Modeling Search Term Revenue: Using Embedding Layers to Manage High Cardinality Categorical Data


At System1, data scientists are faced with the task of predicting revenue and cost per click across millions of unique keywords that drive traffic to our sites or monetize on a pay per click basis. This talk will show a variety of techniques we use to extract the most information from categorical variables, especially anonymized, sparse, high cardinality categorical variables, like search terms.

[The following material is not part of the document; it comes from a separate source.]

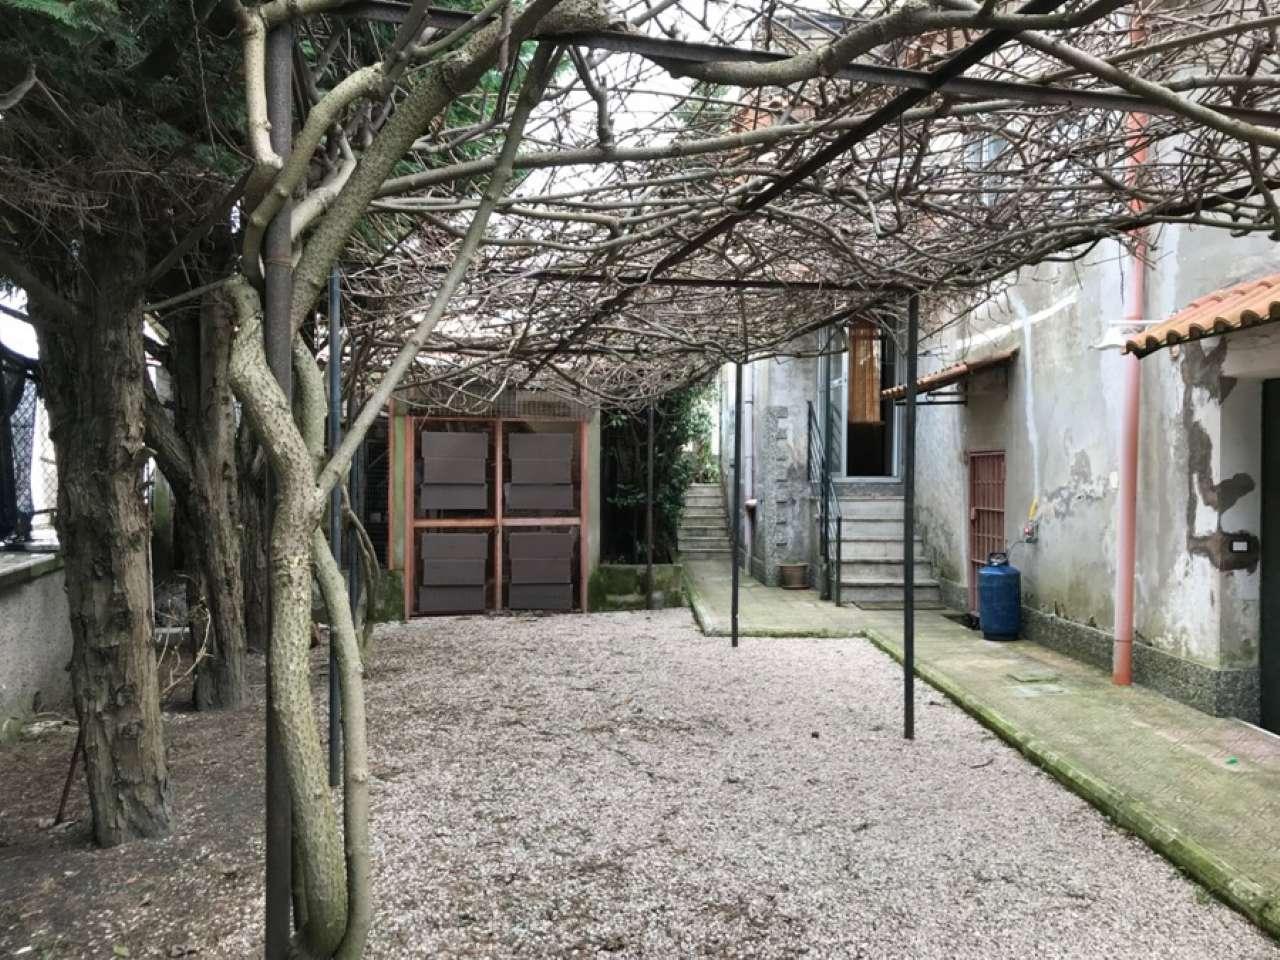 Appartamento in affitto a Napoli, 1 locali, zona Zona: 5 . Vomero, Arenella, prezzo € 380 | CambioCasa.it

Categorical variables are easily interpretable by data scientists and non- technical people, but they can also be difficult to translate into machine learning algorithms. Categorical variables need to be converted to quantitative values to be used in machine learning models and can very quickly explode the feature space of a model, add noise or unintended signals to the data, or simply not include all the meaning and predictive power that feature provides for the dependent variable. There are many popular and effective libraries that abstract categorical variable feature creation. However, if a model is sensitive from a financial, data ethics, or some level of public visibility standpoint, or simply prone to overfitting, it is vital to understand how the model is capturing all features and how to tune model parameters or input data. Furthermore, if dealing with personal or sensitive data, machines need to be able to handle anonymized categories while still allowing a human to interpret the source data. One of the problems we face at System1 is that individual keywords can receive very little traffic, sometimes less than a click per day; however, across millions of keywords, these long- tail keywords comprise significant revenue. Furthermore, data science models need to be proactive and adjust bids and traffic based on seasonal components even if there is no data from the prior season. This talk will present a variety of practical techniques to extract and retain information and predictive power for categorical variables. We will talk about model selection, feature creation and techniques for converting categorical variables to quantitative values for modeling. Finally, the talk will present an interesting technique that utilizes embedding layers and transfer learning in a neural network framework to predict cost per click values on search terms.